**Exercise description**. Transcribe everything in the listing as written, and let no image into the copy.
----- Material provided -----
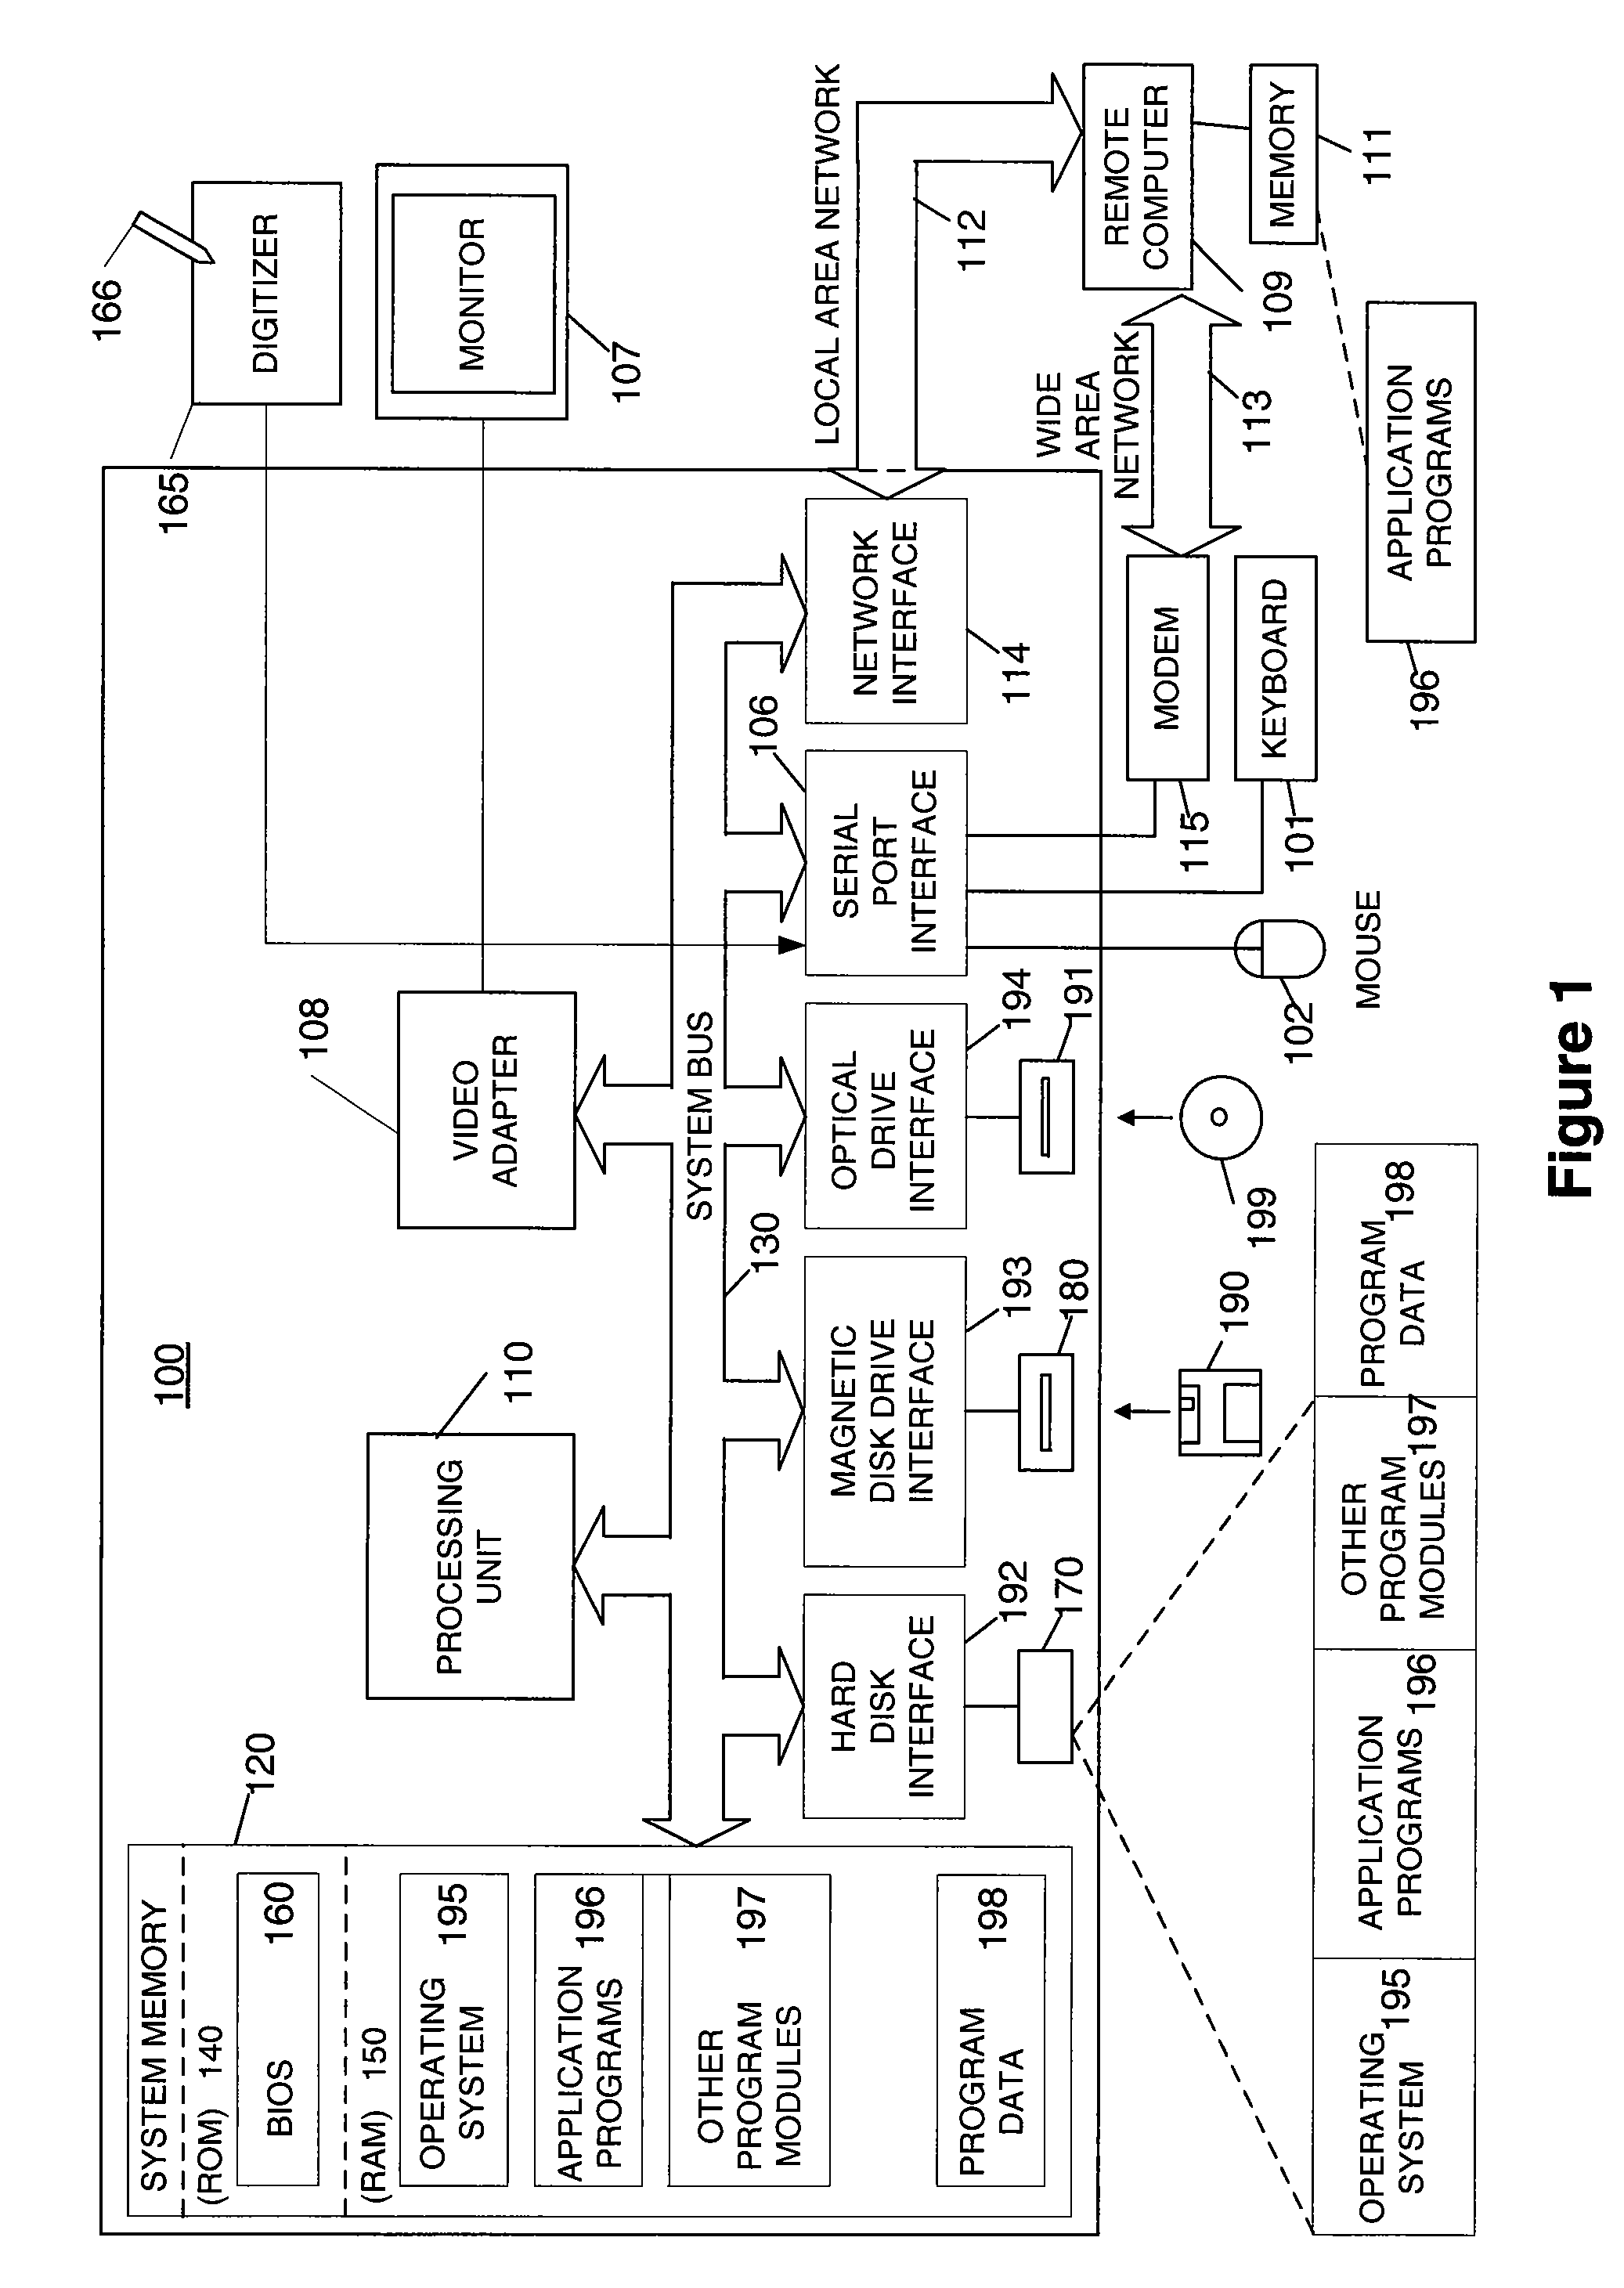 Passive embedded interaction code
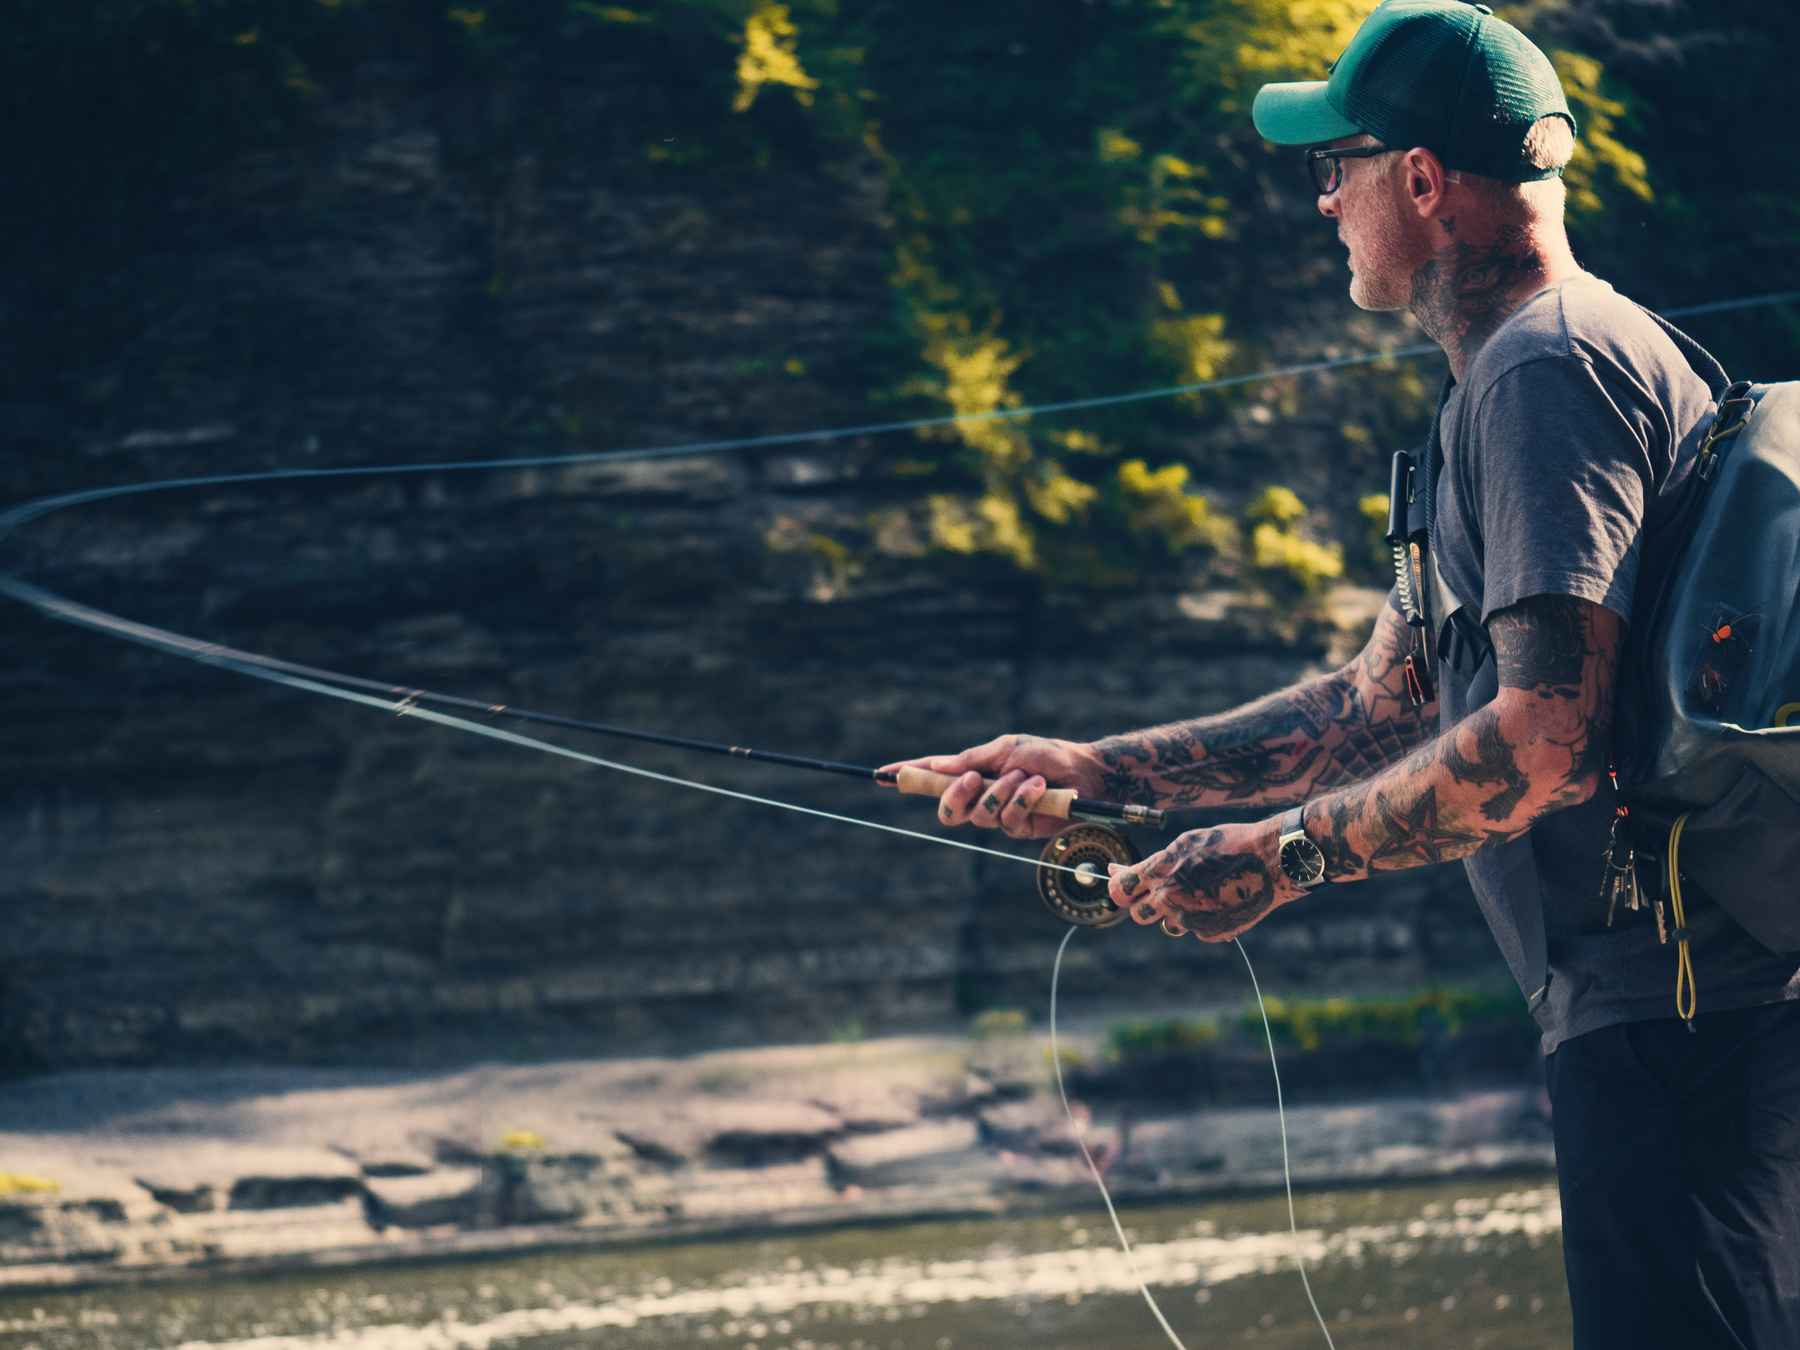 Fly fishing: Rods, reels, fly lines and more
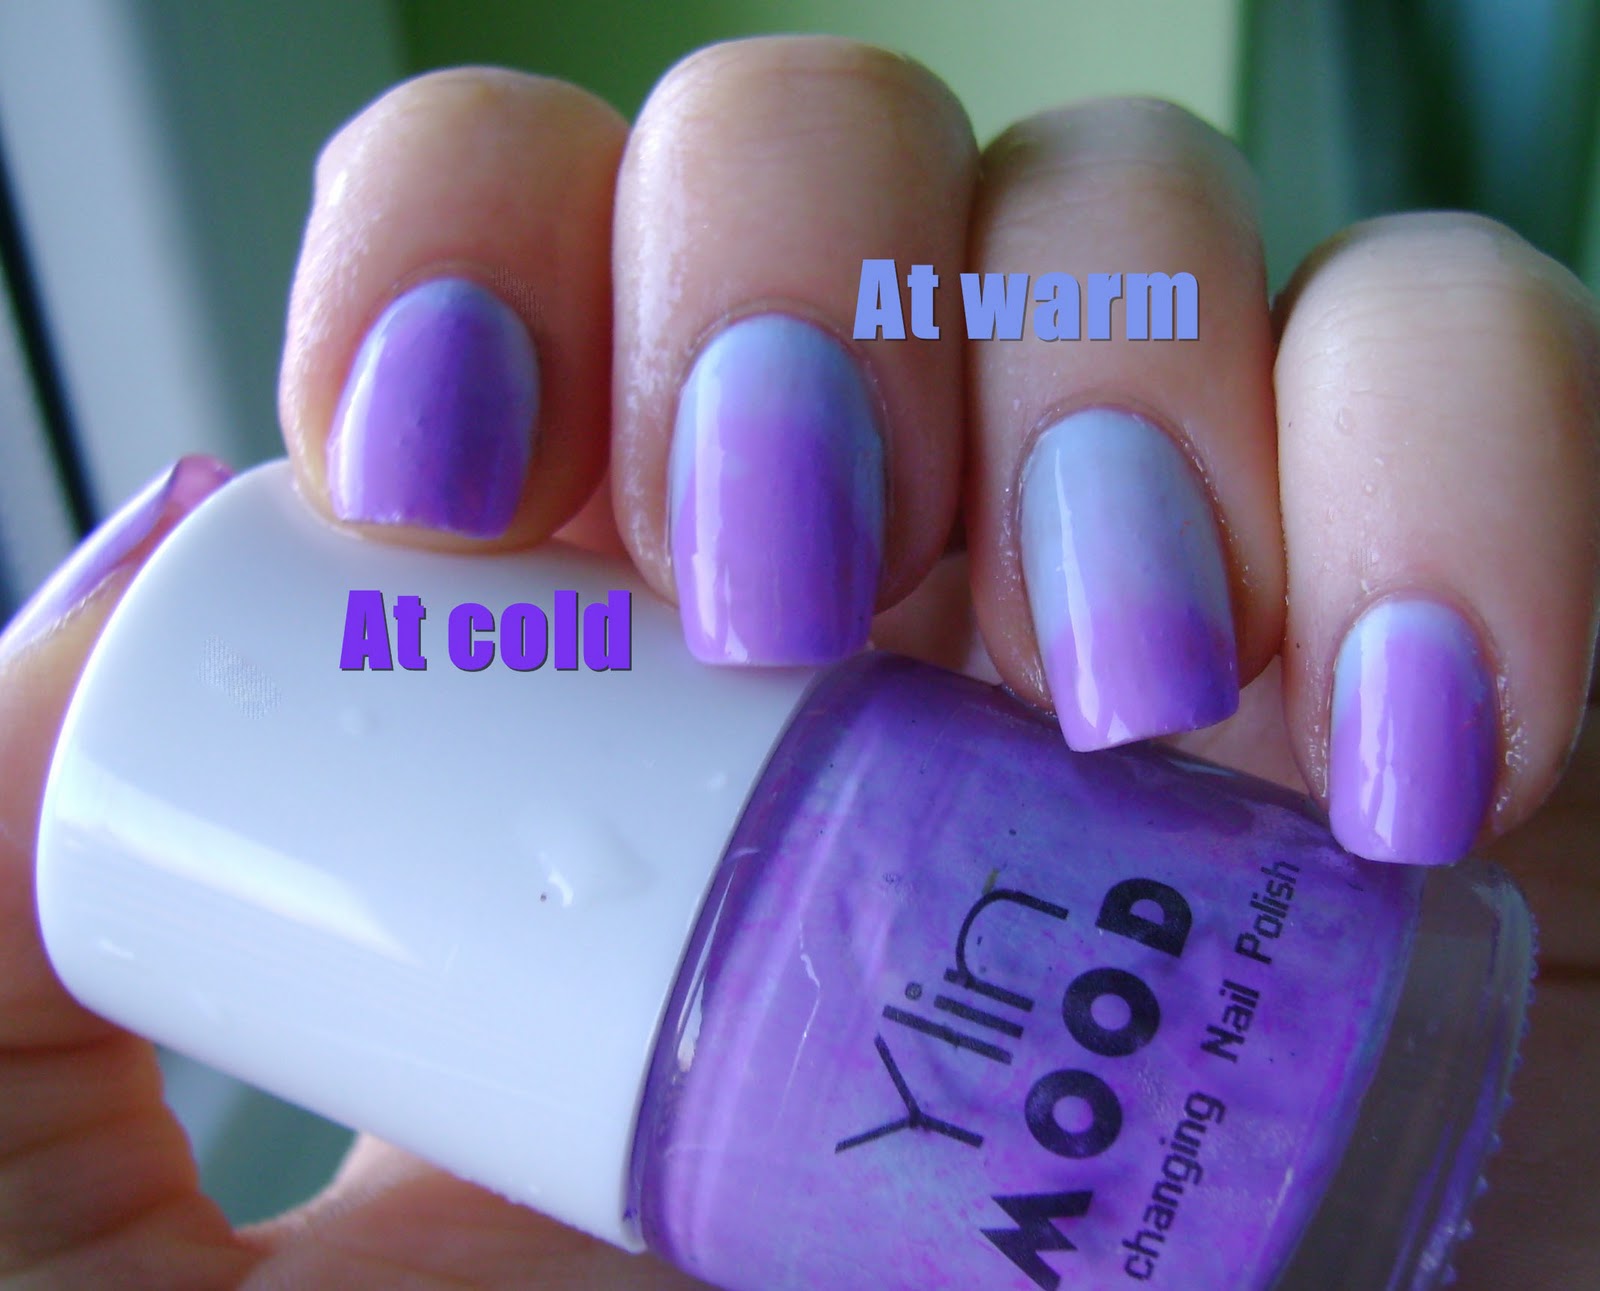 3. Claire's Mood Color Changing Nail Polish - wide 8
-----
**Output of the exercise**.
 Passive embedded interaction code
 Fly fishing: Rods, reels, fly lines and more
 3. Claire's Mood Color Changing Nail Polish - wide 8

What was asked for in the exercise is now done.